What is expected — For this exercise, write out only the lines of the entries below from the one with "Ezen a képen: Kapucíner" up to and including the one with "ガタンッ!「ドアを閉める音」の再生済みの波形", exactly as they are. Pictures stay out.

Extracted information —
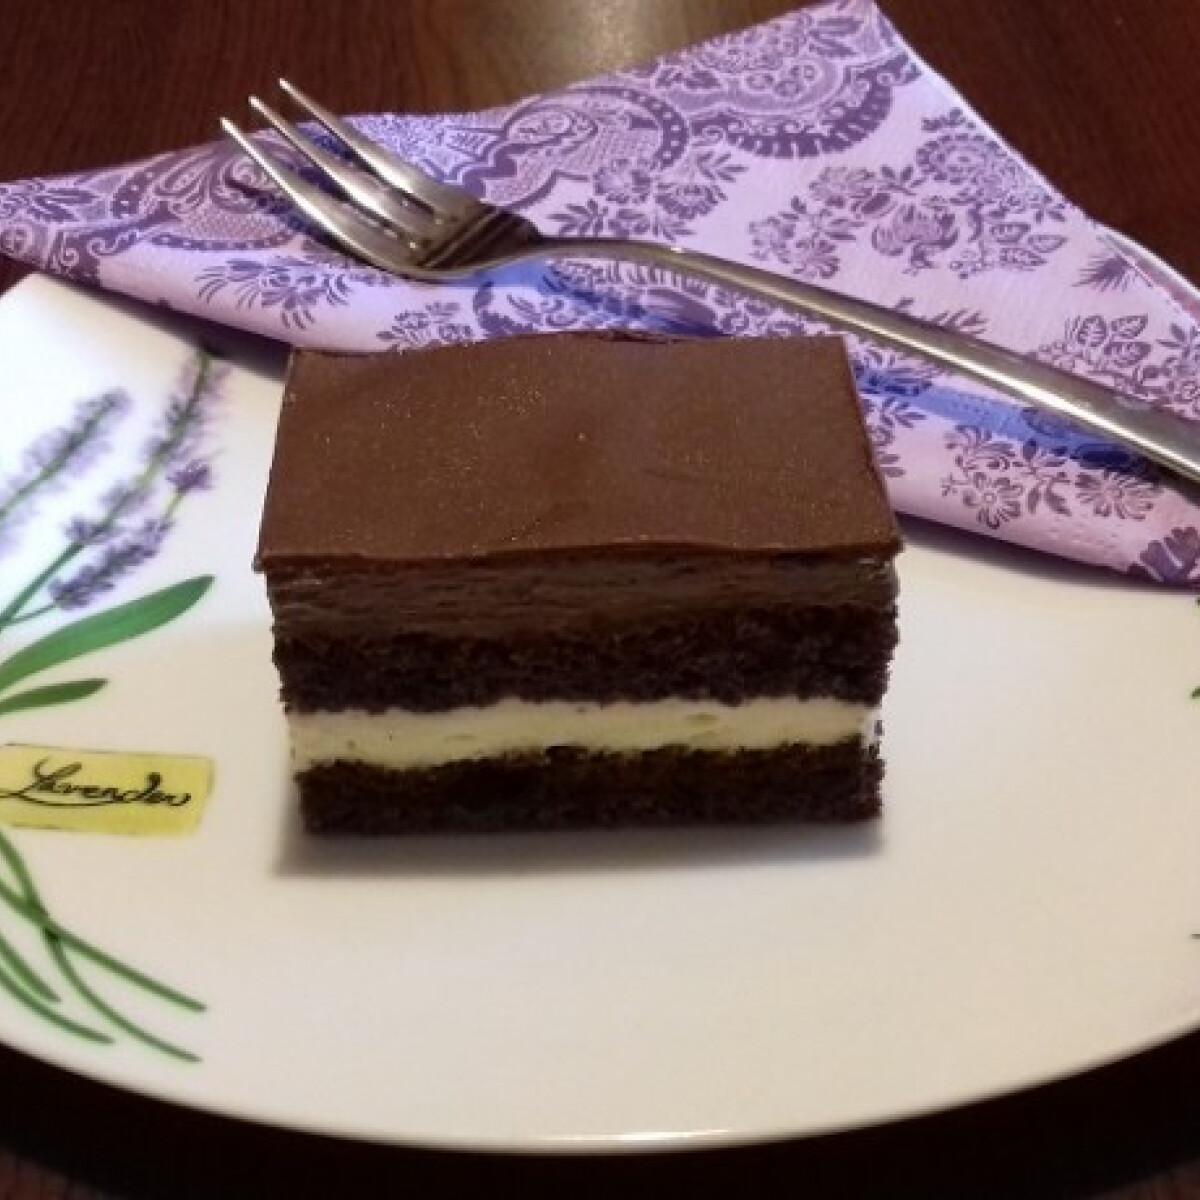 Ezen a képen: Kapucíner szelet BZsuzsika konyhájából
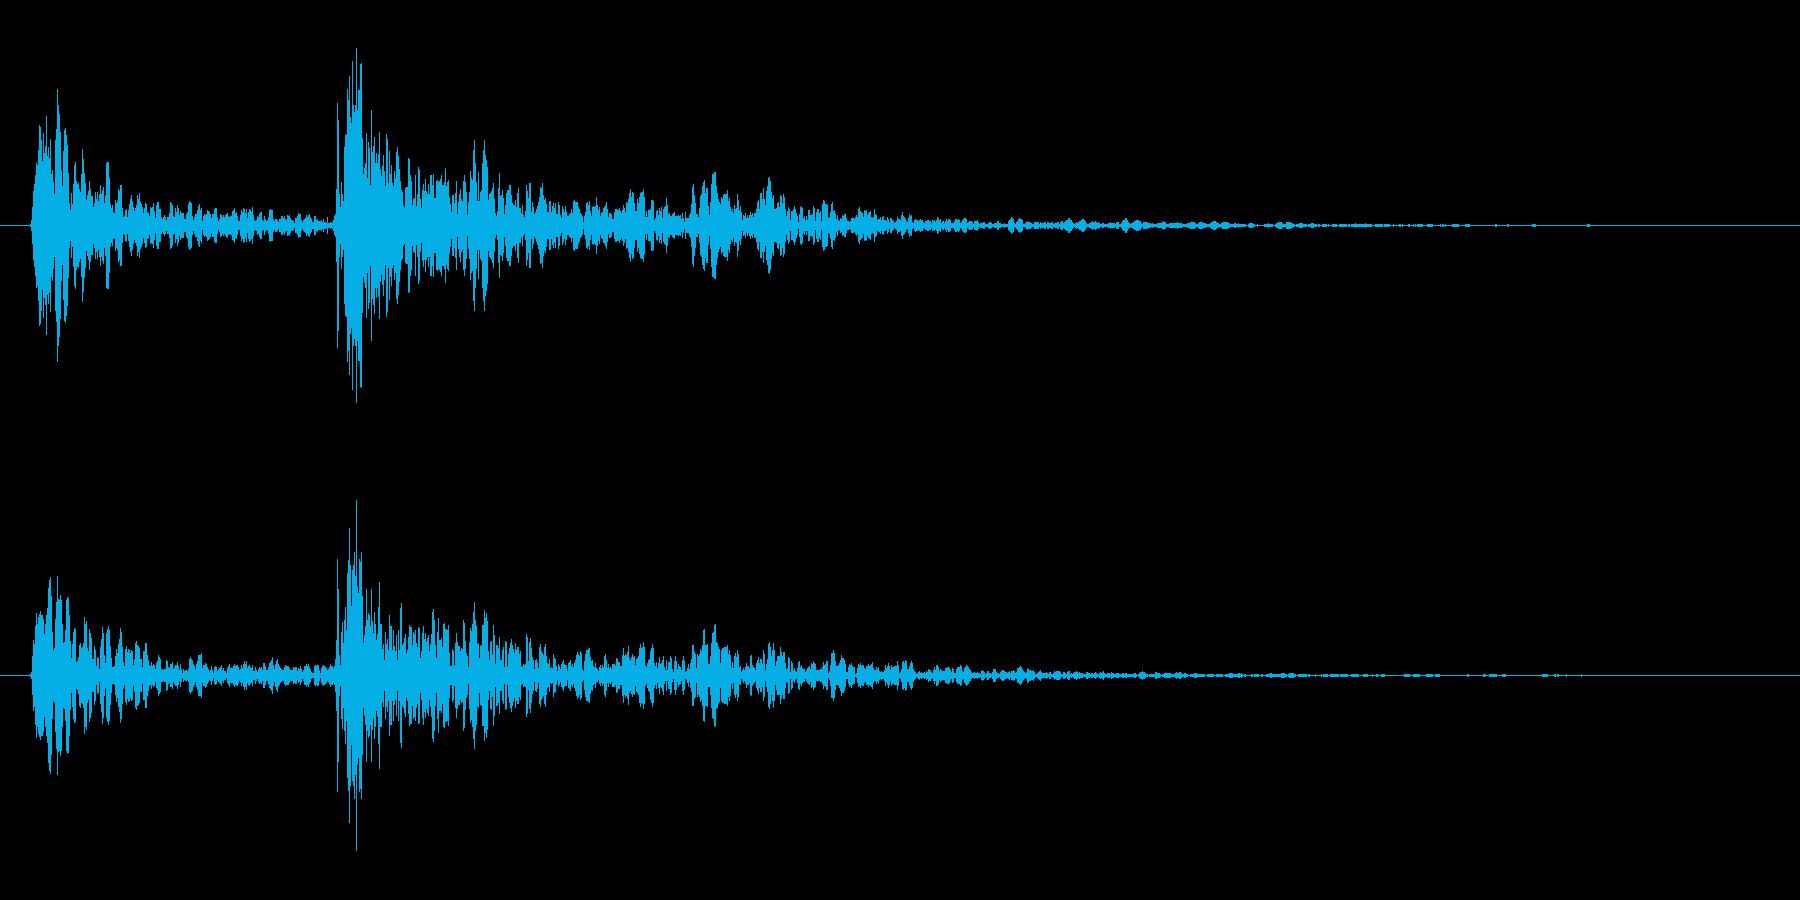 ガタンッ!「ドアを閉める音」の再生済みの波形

...

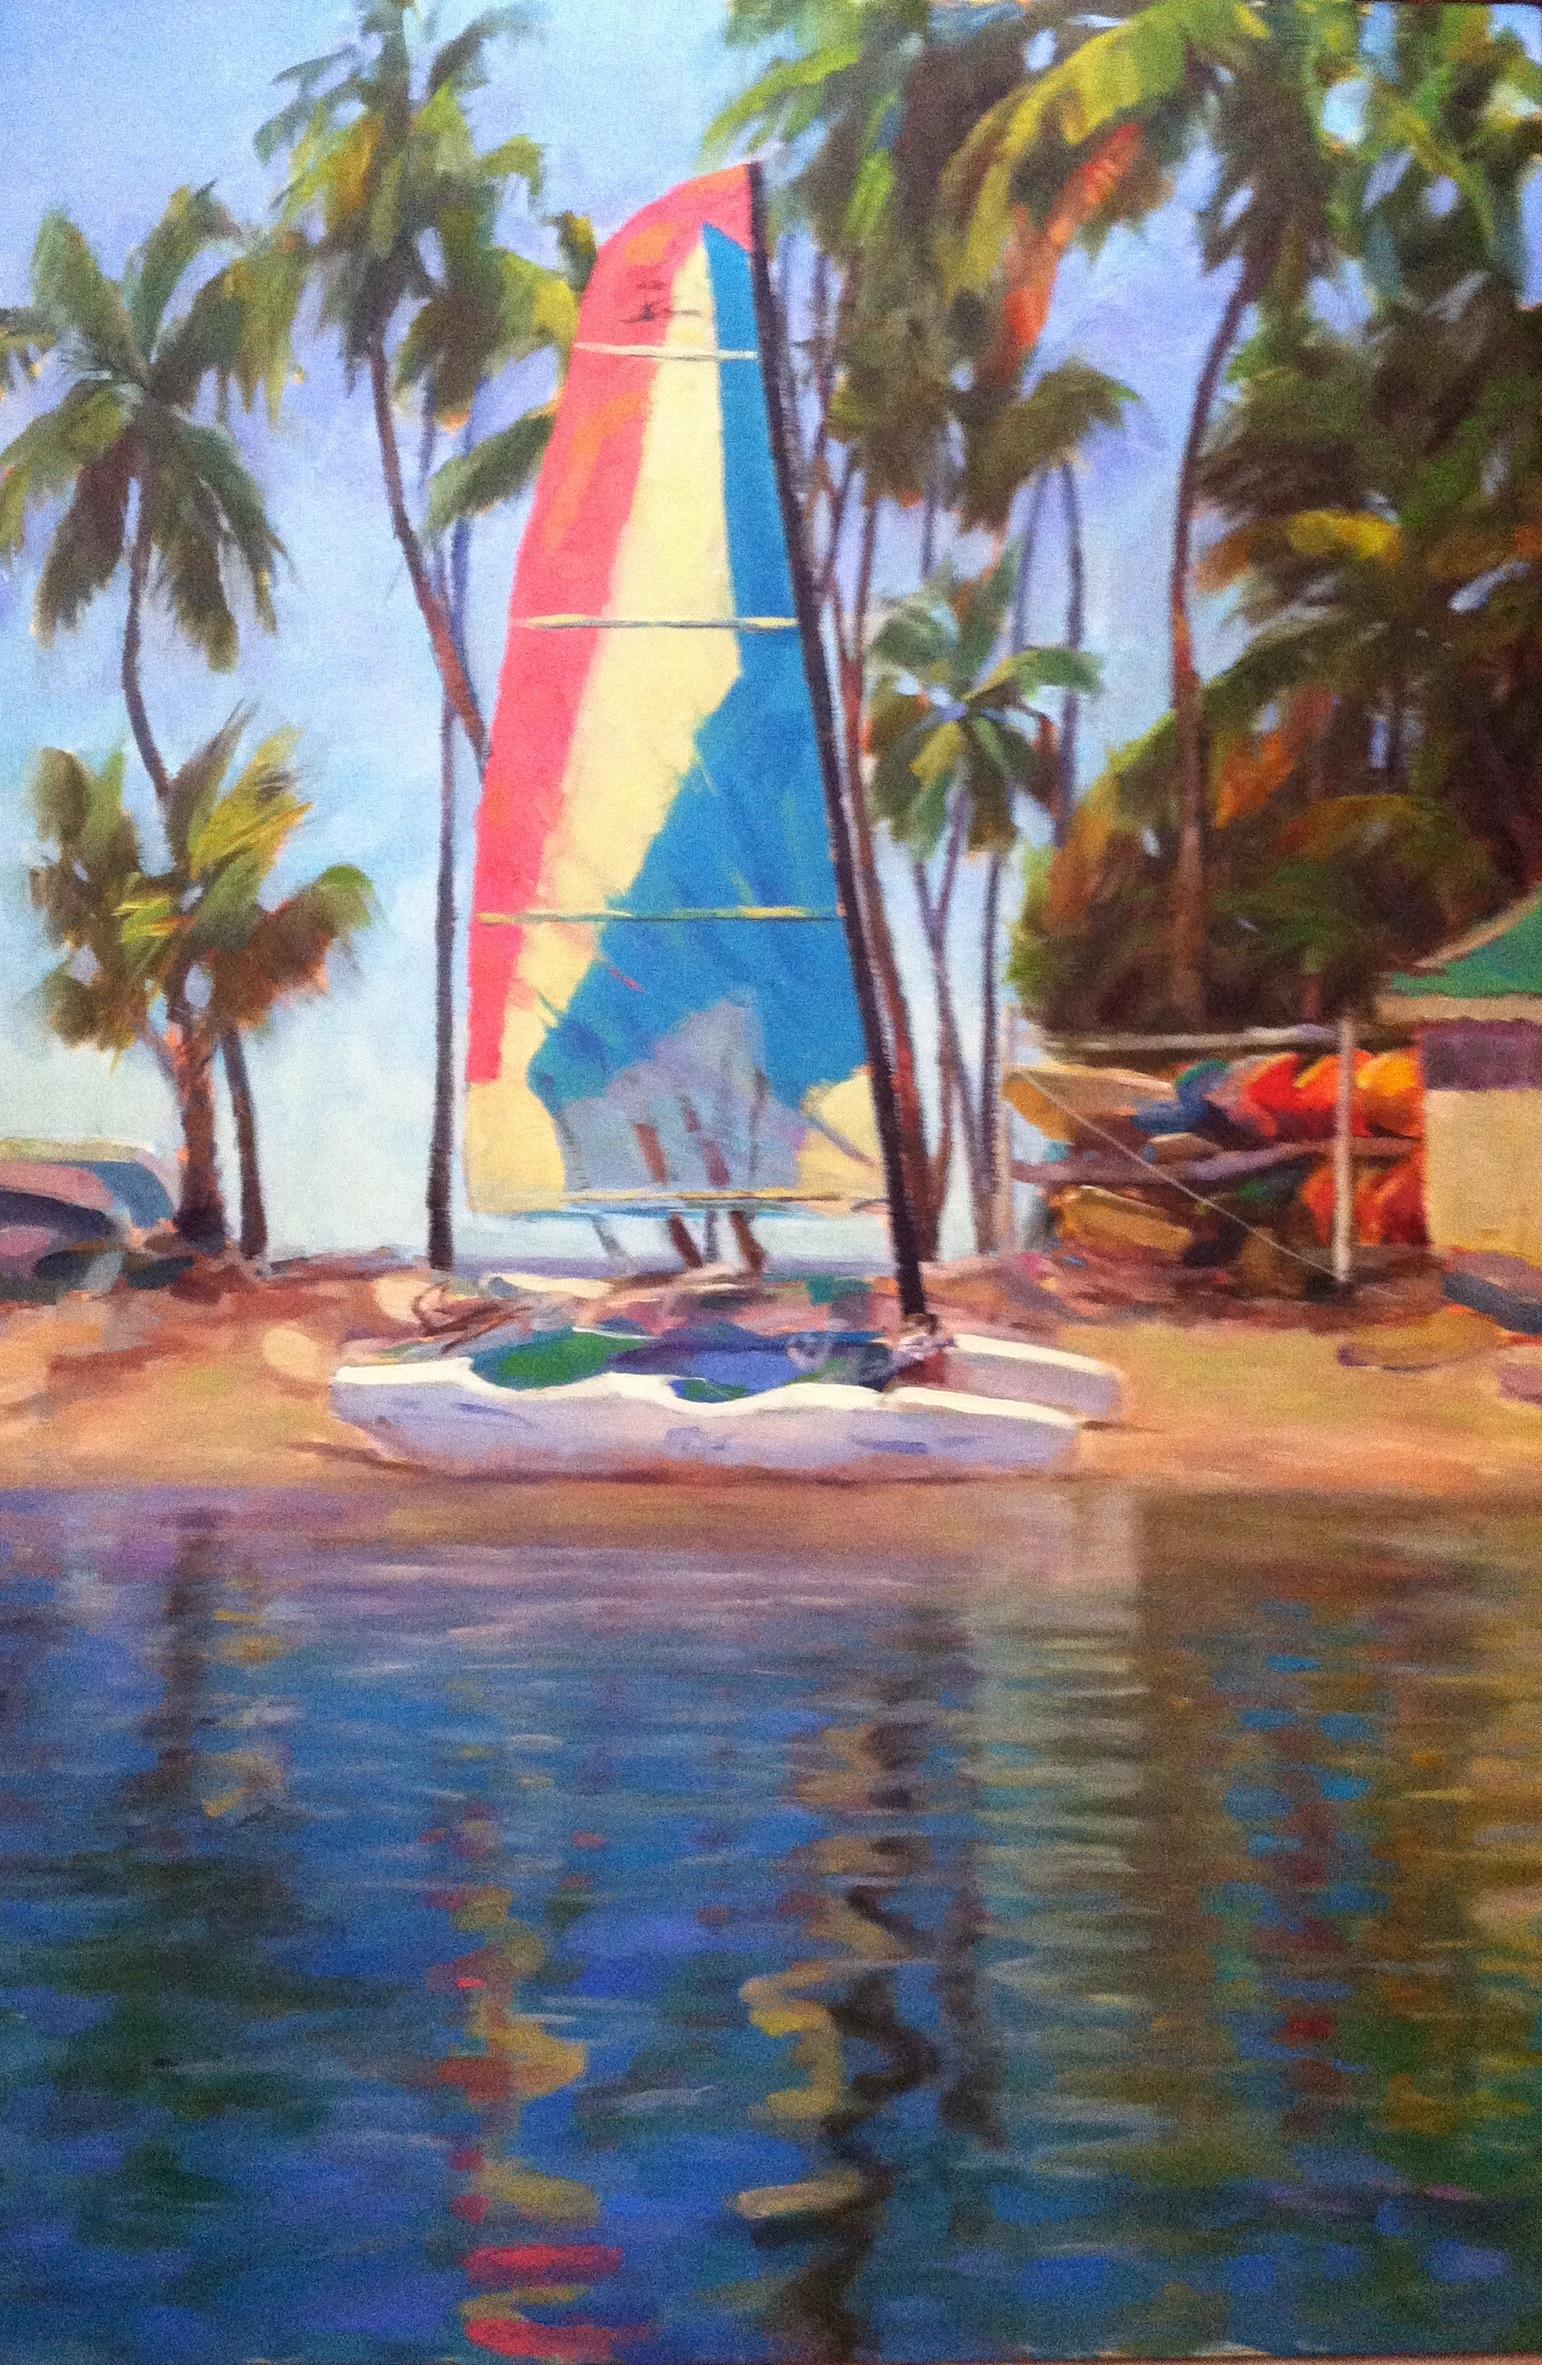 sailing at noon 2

Response below —
 Ezen a képen: Kapucíner szelet BZsuzsika konyhájából
 ガタンッ!「ドアを閉める音」の再生済みの波形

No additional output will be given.